#TDMiner C++: Frequent episode mining with inter-event gap constraints.
Usage: tdminer [ht:i:m:sxcdz:o:f:] eventsfile outcomefile [min_supp]
eventsfile file, that contains the event stream
outcomefile file to write the outcome
min_supp support threshold (default 0.0100)
Basic options:
-h Gives this help display.
-t <num> Specifies the number of pthreads (default 1).
-i <intervalfile> Specifies the interval file (default ivl.txt).
See example ivl.txt for format
-m <num> Specifies the maximum level up to which mining is done.
(default -1 i.e. no limit). Level corresponds to episode size.
-s Specifies minimum support as a ratio of #occurrences to total time span.
By default minimum support is the ratio of #occurrences
to total number of events in the data.
-x Turn off pre-count pruning heuristics.
-c Takes the first column as customer id
and prevents patterns from crossing over across customers..
-d Enables duration of events. Reads the last column as end time of an event
-z <num> Set the list size for storing time stamps.
-o <epsfile> Counts the episodes specified in <epsfile>.
The result of counting is stored in <outcomefile>.
-f <occurfile> Specifies the file into which episode occurrences are written.

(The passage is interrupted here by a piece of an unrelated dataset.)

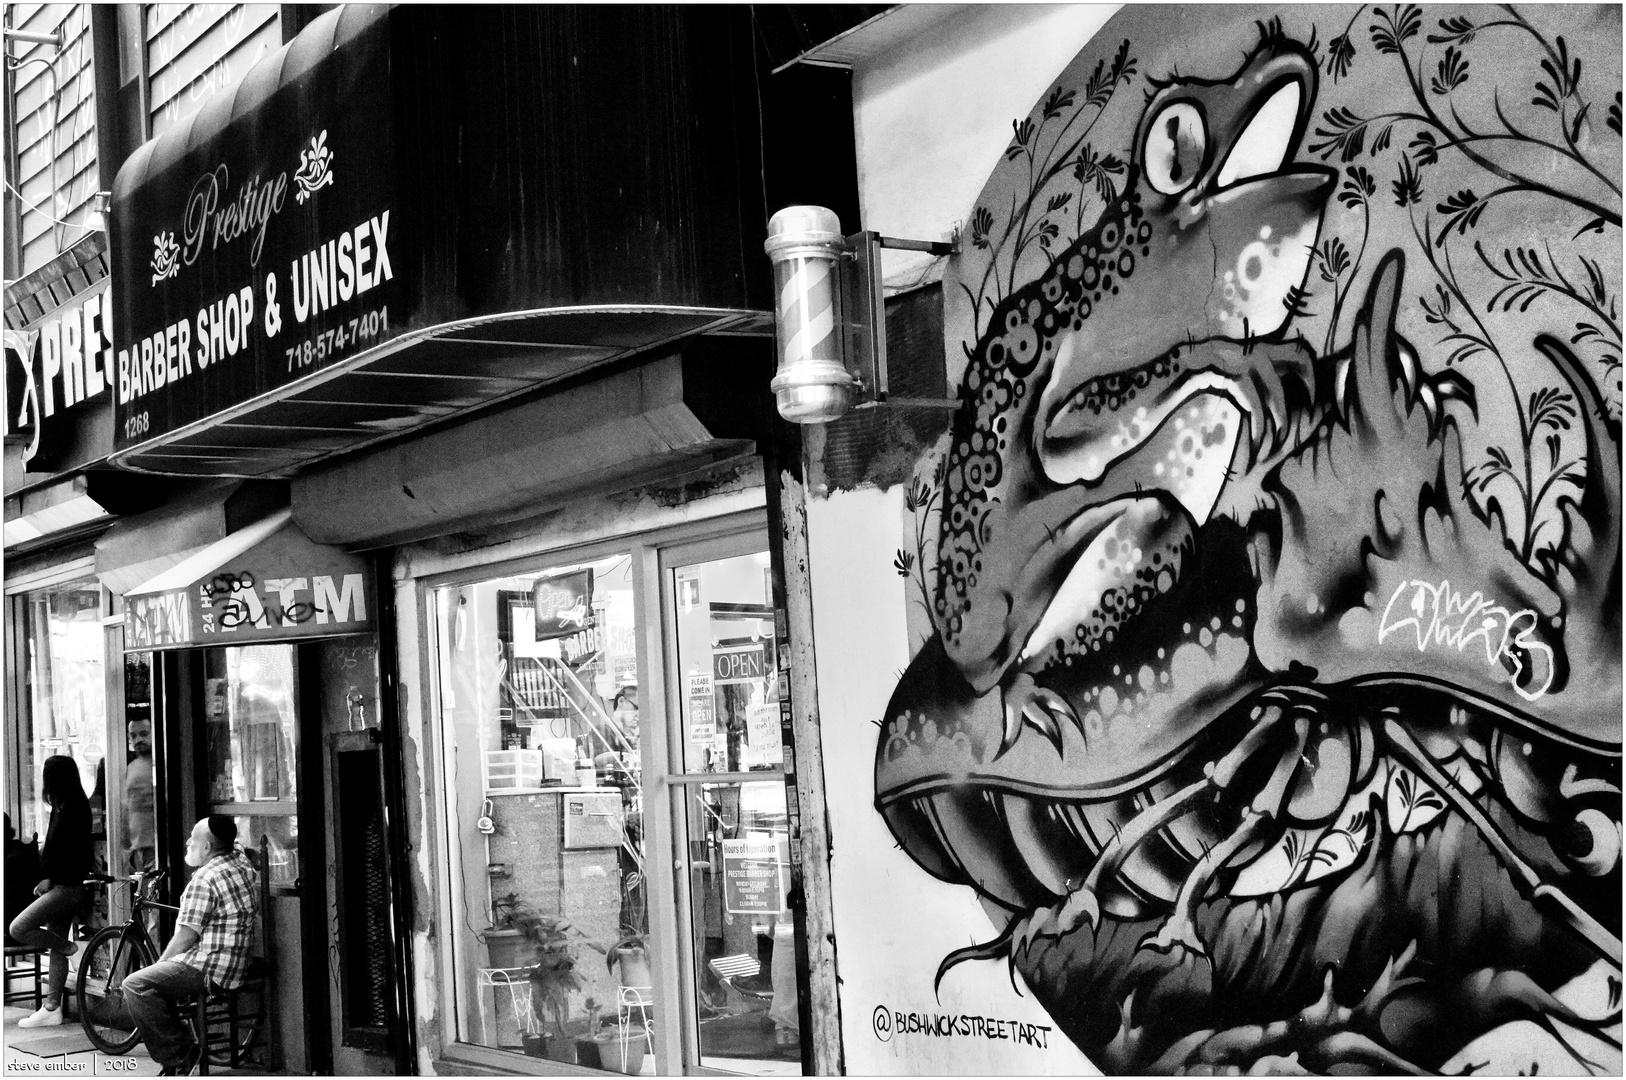 Barbershop and Bullfrog - A Bushwick Moment

This works only in conjunction with -o
The occurrences are output as <episode_index> : <list of time stamps>.
Mining Example:
$ tdminer sample_stream.csv test_episodes.txt 0.01
Counting example:
$ tdminer -o eps.txt -f occurrences.txt sample_stream.csv episodes-out.txt
"eps.txt" contains the episodes to count. Note currently only episode of
the same size are supported.
Dependencies: PThreads library